Accelerator, and the Winners (If You Can Call it That)
Monday was the first ever SXSW Accelerator, and the roster was packed with 40% Texas companies, which I thought was pretty cool. I didn’t know that the rotating panel of judges was scoring the companies, but it’s a good idea to have the SXSW version of the DEMO God award. Despite the shortness of the 2-minute pitches, the judges had some really quality Q&A after the pitch with each company. After all the interactions, each judge would fill out their scoring form.
If there are four awards then my simplistic math says that 40% from Texas equals for sure one, possibly two awards for Texas companies. Somehow in a miraculous moment of clarity the west coast heavy panel chose all California companies as winners. Huh? Seriously?
I don’t want to take anything away from the companies themselves that won, but I’m not sure the playing field is even. Let’s take Ribbit for instance.
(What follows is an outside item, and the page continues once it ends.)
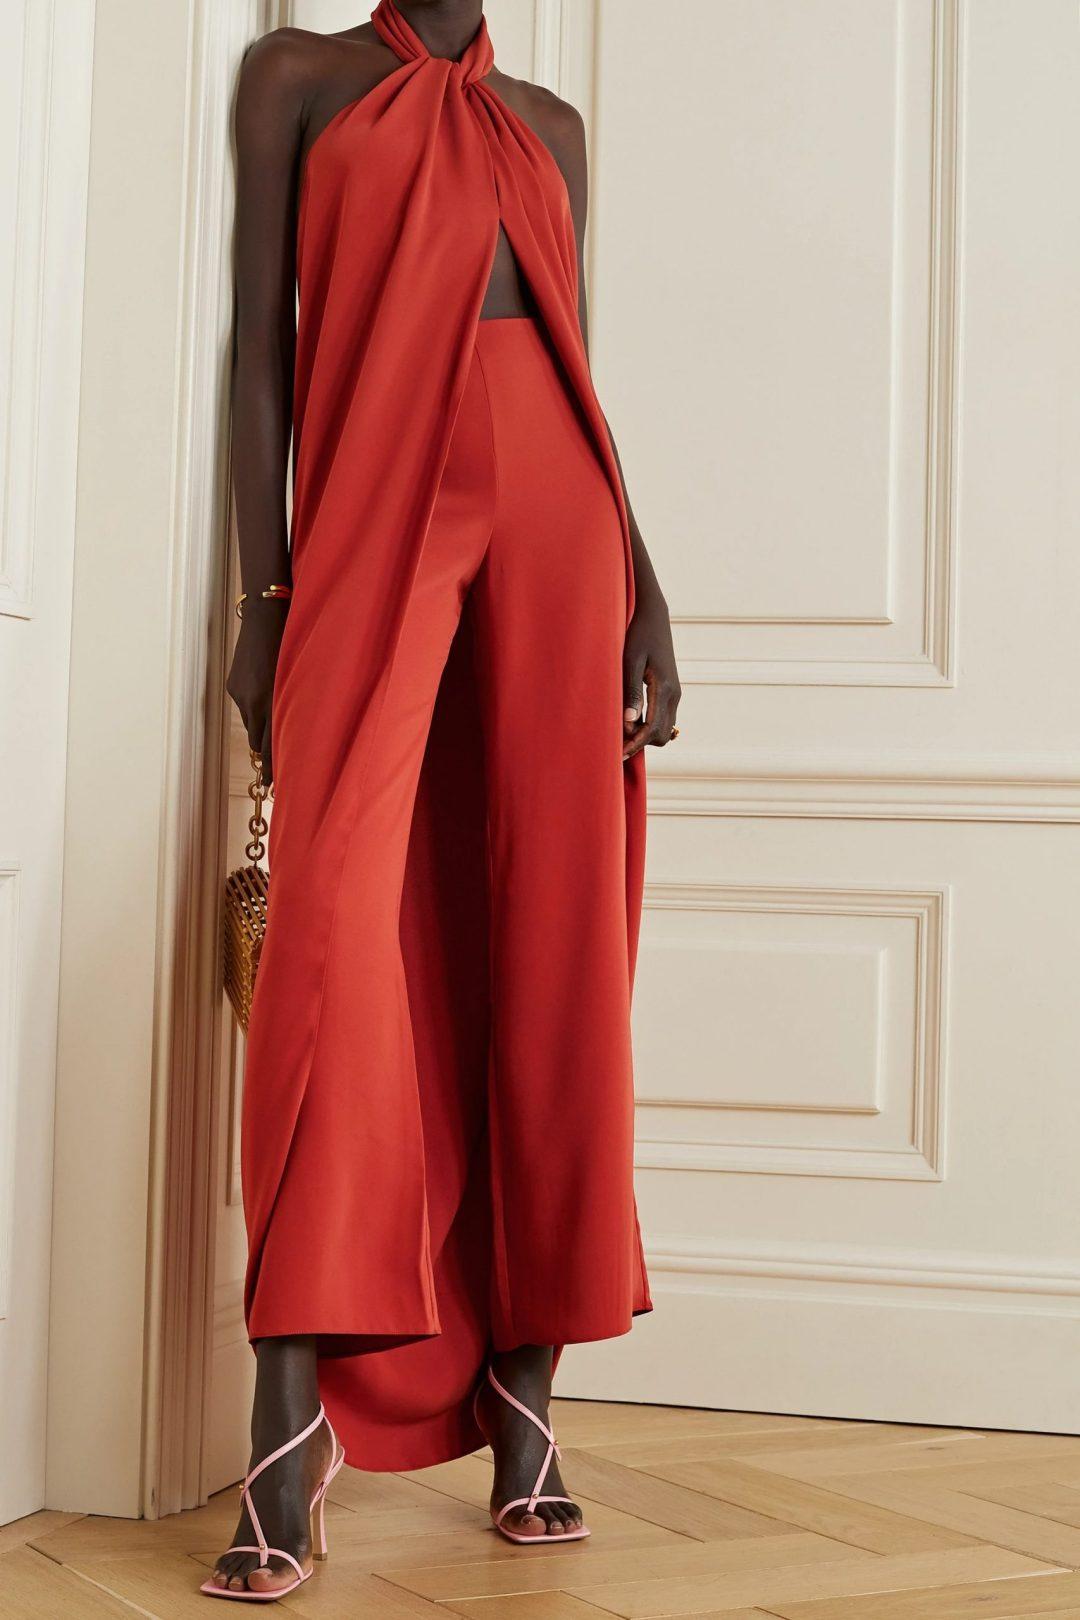 Blood orange halter designer jumpsuit
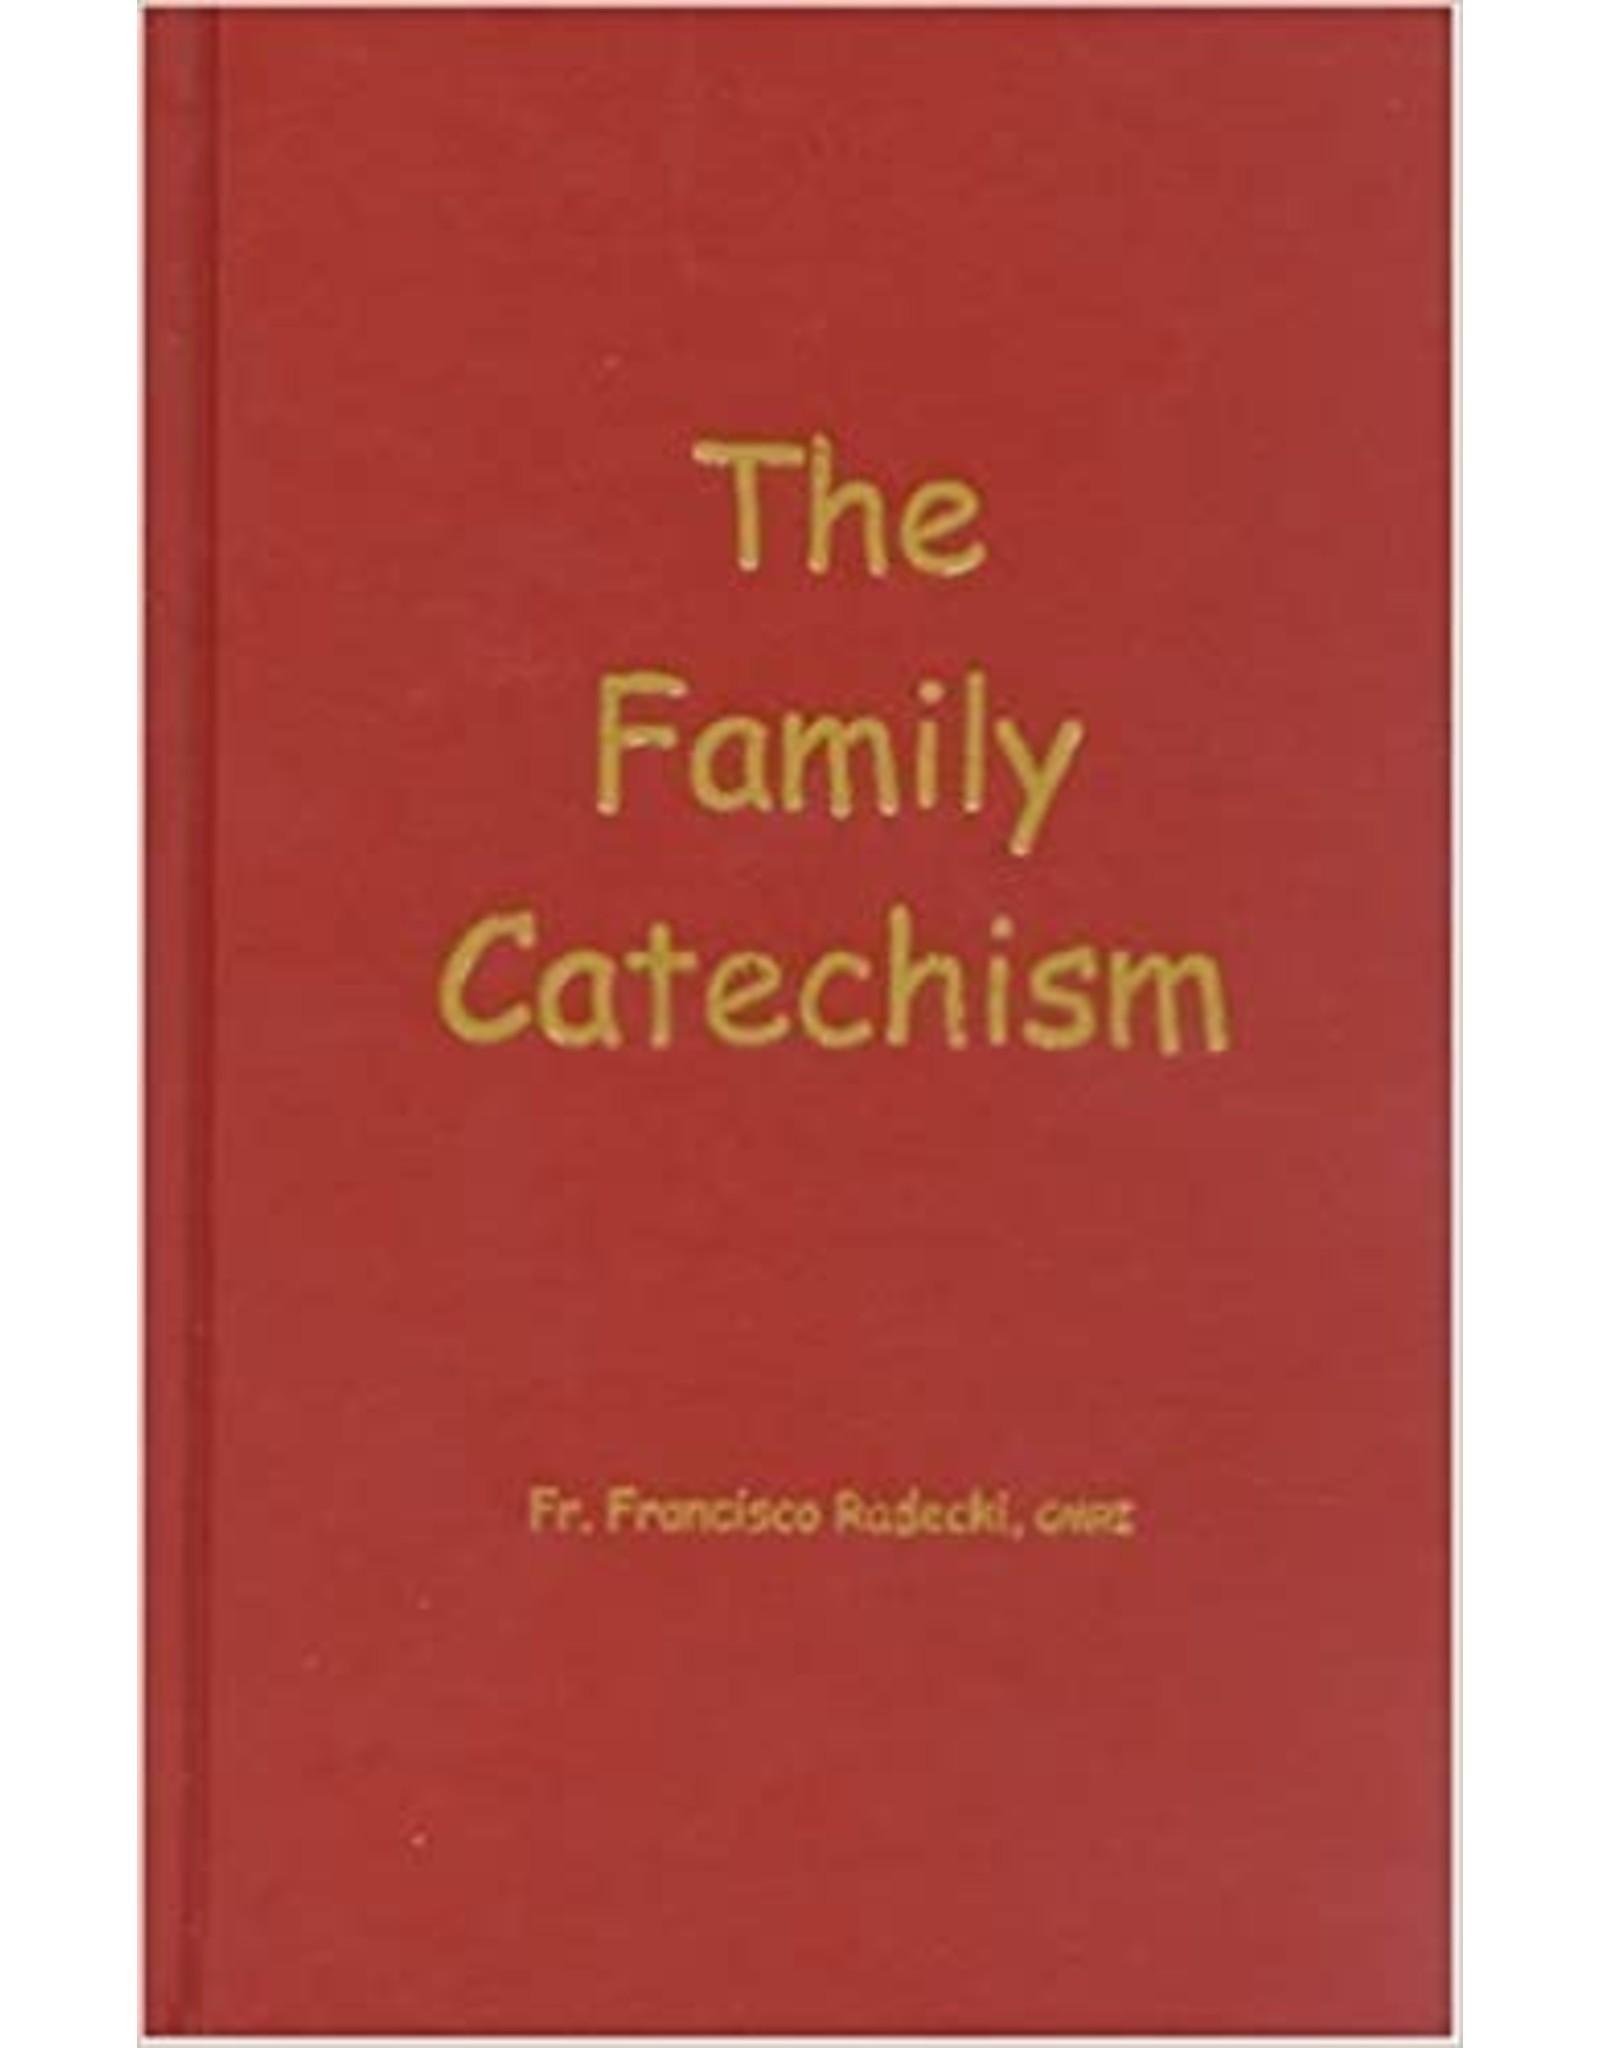 St. Joseph's Media A Family Catechism by Fr. Francisco Radecki, CMRI

Ribbit was founded in February of 2005 (is that still a startup?) and was sold to British Telecom for $105M in July of last year. So, of course Ribbit has a well rehearsed 2-minute pitch and a solid business model. Lack of feces, Mr. Holmes.
So what does Ribbit have in common with companies like Hourville, or OtherInBox, or Piryx that are being bootstrapped by their founders and are starting to get some incredible traction? It makes me wonder what the judging criteria is.
Weardrobe was another winner, and a great idea. I thought it was cool two years ago when Ian Clarke’s fiance did the same thing. For the record, the other two winners were Tubemogul, and Popcuts. Congratulations to all the winners, I’m just not sure exactly what “winning” means.